Calton stepped towards the door, followed by the detective, when Mother Guttersnipe rose.
“Where’s the money for finin’ her?” she screeched, pointing one skinny finger at Sal.
“Well, considering the girl found herself,” said Calton, dryly, “the money is in the bank, and will remain there.”
“An’ I’m to be done out of my ’ard earned tin, s’elp me?” howled the old fury. “Cuss ye, I’ll ’ave the lawr of ye, and get ye put in quod.”

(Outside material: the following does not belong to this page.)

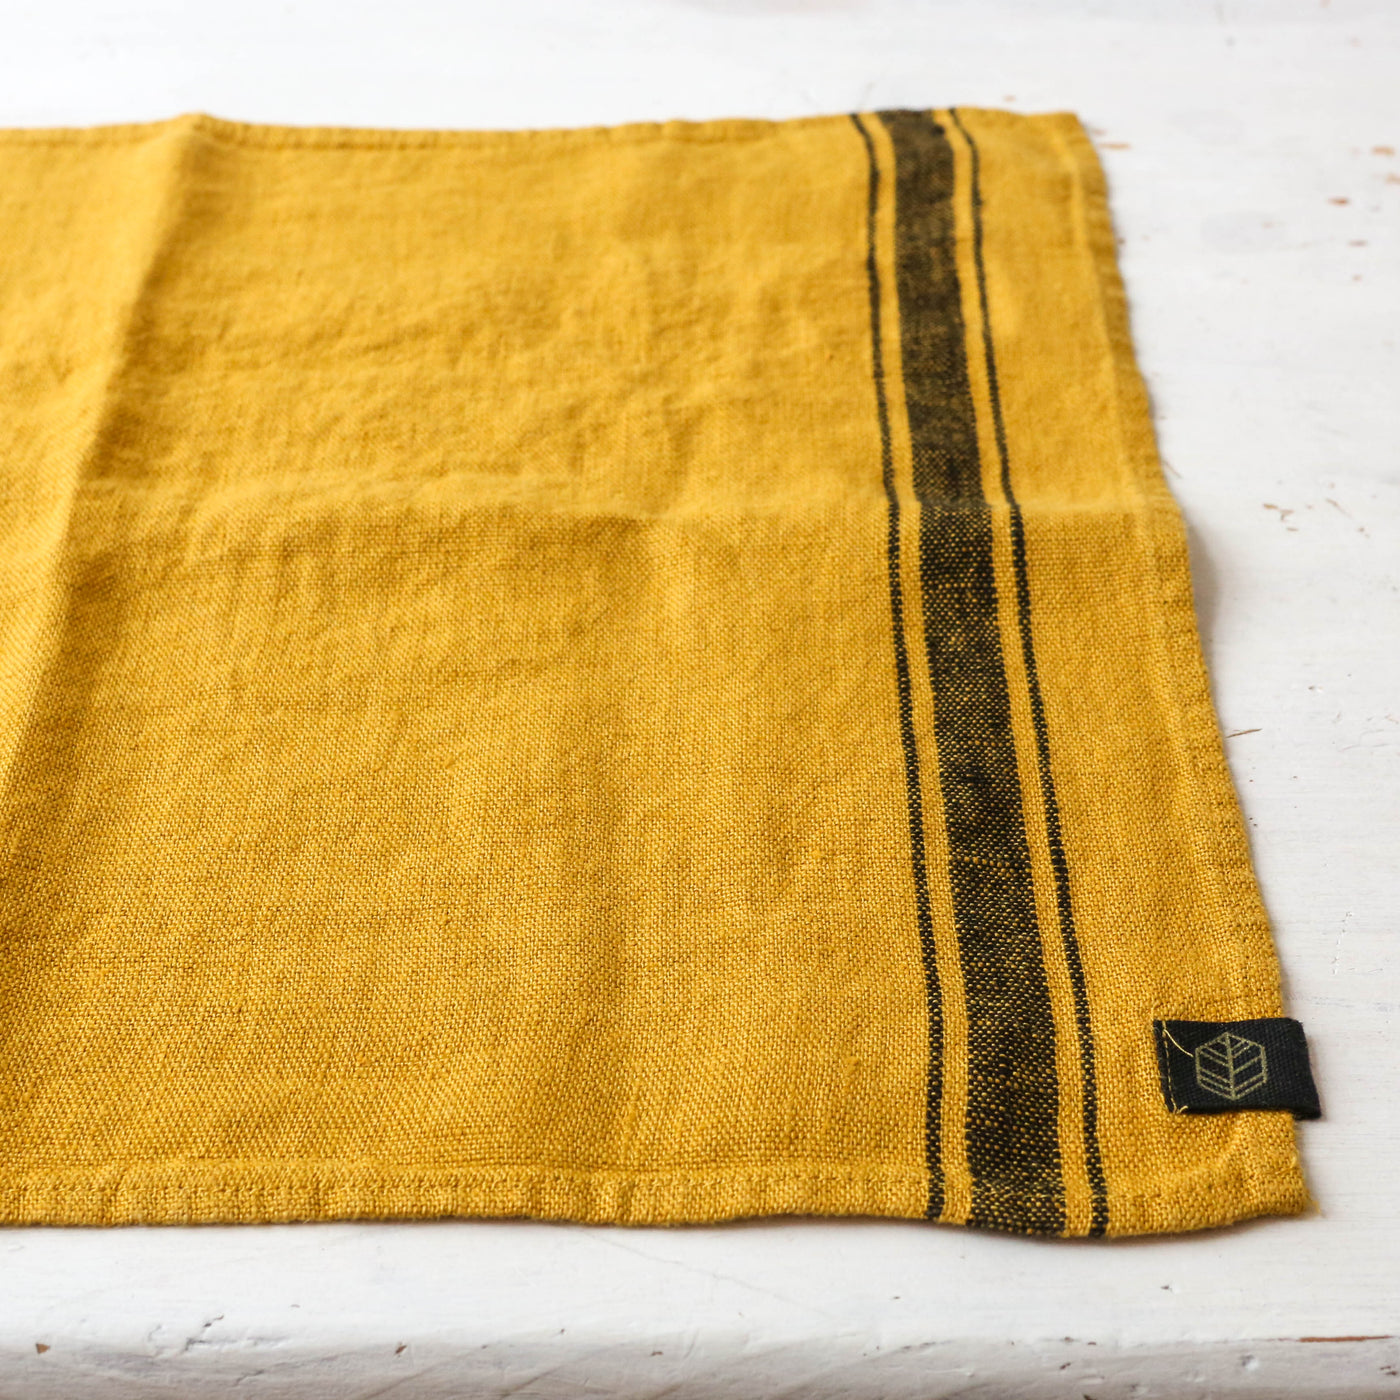 Pair of Washed Linen Rectangular Napkins or Placemats - Saffron Stripe
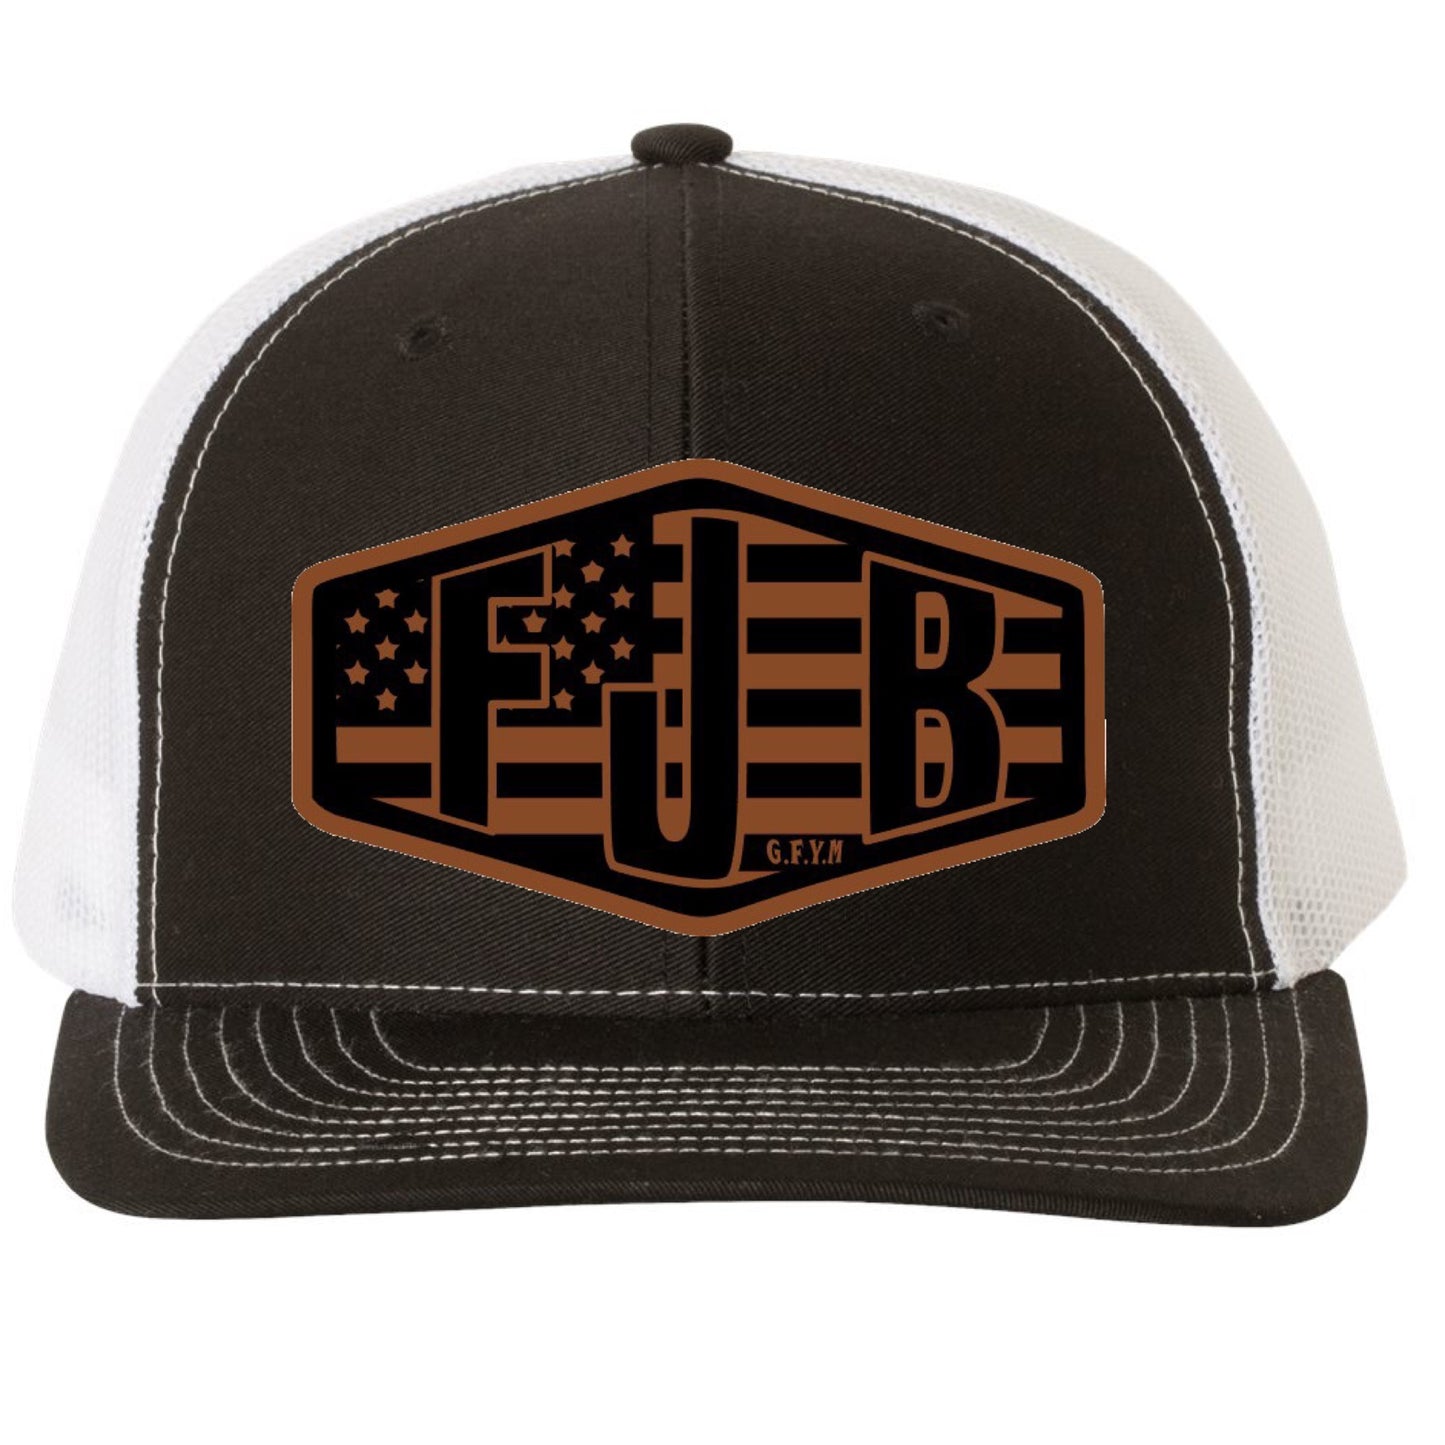 FJB Leather Patch Richardson 112 Trucker Hat

“You’ll go there yourself if you don’t take care,” said Kilsip, in his soft, purring tones.
“Yah!” shrieked Mother Guttersnipe, snapping her fingers at him. “What do I care about yer quod? Ain’t I bin in Pentrig’, an’ it ain’t ’urt me, it ain’t? I’m as lively as a gal, I am.”
And the old fury, to prove the truth of her words, danced a kind of war dance in front of Mr. Calton, snapping her fingers and yelling out curses, as an accompaniment to her ballet. Her luxurious white hair streamed out during her gyrations, and with her grotesque appearance and the faint light of the candle, she presented a gruesome spectacle.
Calton remembered the tales he had heard of the women of Paris, at the revolution, and the way they danced “La Carmagnole.” Mother Guttersnipe would have been in her element in that sea of blood and turbulence he thought. But he merely shrugged his shoulders, and walked out of the room, as with a final curse, delivered in a hoarse voice, Mother Guttersnipe sank exhausted on the floor, and yelled for gin.